Server-side JavaScript features, including stored procedures, triggers, and UDFs, don't support importing modules.

Logging: console.log(responseHeaders[Constants.HttpHeaders.ScriptLogResults]);

Vector

Vector Policy

Once the Vector Search feature is enabled on your Azure Cosmos DB for NoSQL account, you must define a vector embedding policy for the containers where you want to store vectors. This policy informs the Azure Cosmos DB query engine how to handle vector properties in the VectorDistance system function. The following information is included in the container vector policy:

path: The path of the property containing the vector embeddings. datatype: The type of the elements in the vector. The default is Float32. dimensions: This property is the number of dimensions in or length of each vector and will be driven by the model used to create embeddings. distanceFunction: The technique used to compute distance or similarity between vectors. The available options are Euclidean (default), cosine, and dot product.

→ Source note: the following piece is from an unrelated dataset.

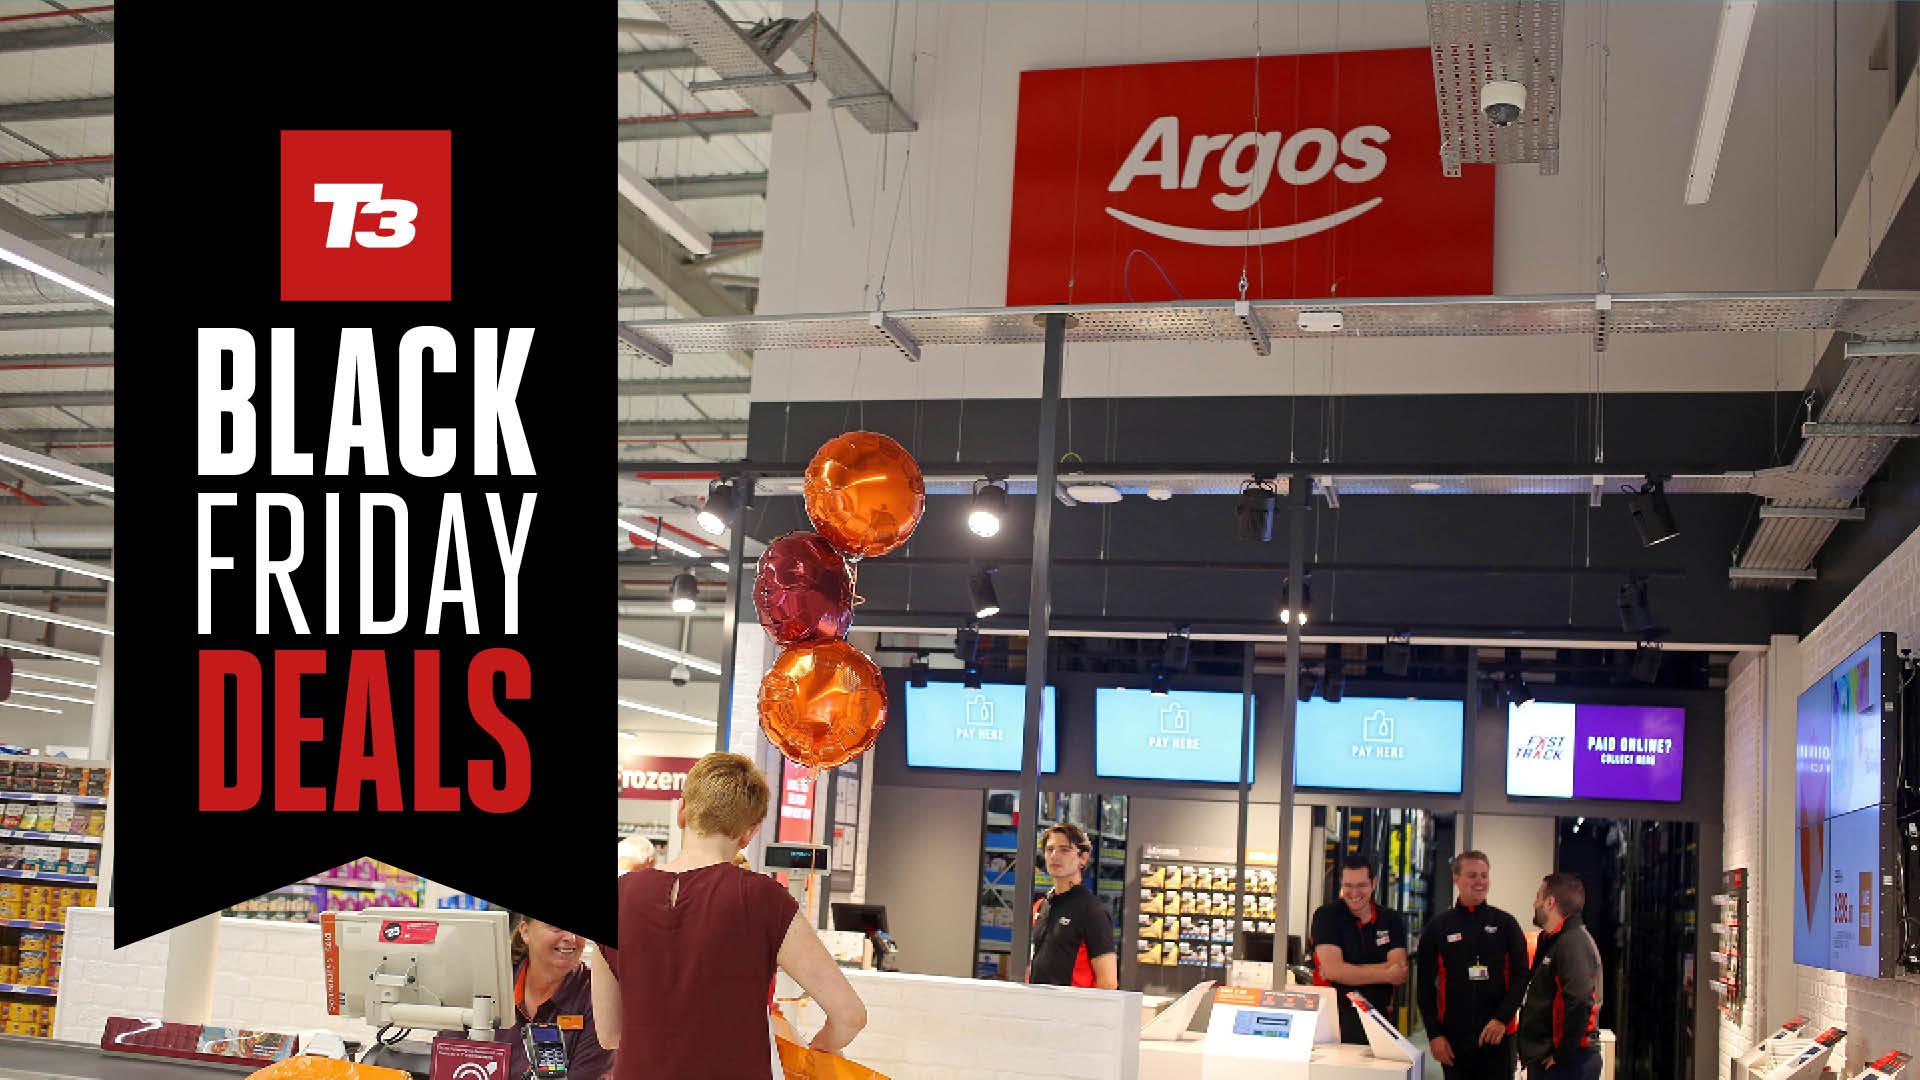 Argos Cyber Monday Deals These Best Deals End Soon T3 inside dimensions 1920 X 1080

"vectorEmbeddingPolicy": {
    "vectorEmbeddings": [
        {
            "path": "/vectorField",
            "dataType": "float32",
            "distanceFunction": "cosine",
            "dimensions": 1536
        }
    ]
}

Vector indexing

Not compulsory but best created.

Type Description Max dimensions
flat Stores vectors on the same index as other indexed properties. 505
quantizedFlat Quantizes (compresses) vectors before storing on the index. This policy can improve latency and throughput at the cost of a small amount of accuracy. 4096
diskANN Creates an index based on DiskANN for fast and efficient approximate search. 4096
Feature Flat QuantizedFlat DiskANN
Search Type Exact (Brute-force) Exact (on compressed data) Approximate (Graph-based)
Accuracy (Recall) 100% (Perfect) ~99% (High) ~95% - 99% (Tunable)
Speed Slow (Linear) Fast Fastest (Logarithmic)
RAM Usage Very High Low Lowest (Offloads to SSD)
Best For... < 10k vectors 10k – 50k vectors 50k – Billions of vectors
"indexingPolicy": {
    "vectorIndexes": [
        {
            "path": "/vectorField",
            "type": "diskANN"
        }
    ]
}

Perform vector search using the VectorDistance function

Azure Cosmos DB for NoSQL supports the creation of vector search indexes on top of stored embeddings.

The VectorDistance function in Azure Cosmos DB for NoSQL measures the similarity between two vectors by calculating their distance using metrics like cosine similarity, dot product, or Euclidean distance. This function is vital for applications that require quick and accurate similarity searches, such as those involving natural language processing or recommendation systems. By utilizing VectorDistance, you can efficiently handle high-dimensional vector queries, significantly improving the relevance and performance of your AI-driven applications.

Notes

  1. MUST always create new container after feature is enabled.
  2. The vector search feature is currently not supported on the existing containers, so you need to create a new container and specify the container-level vector embedding policy and the vector indexing policy at the time of container creation.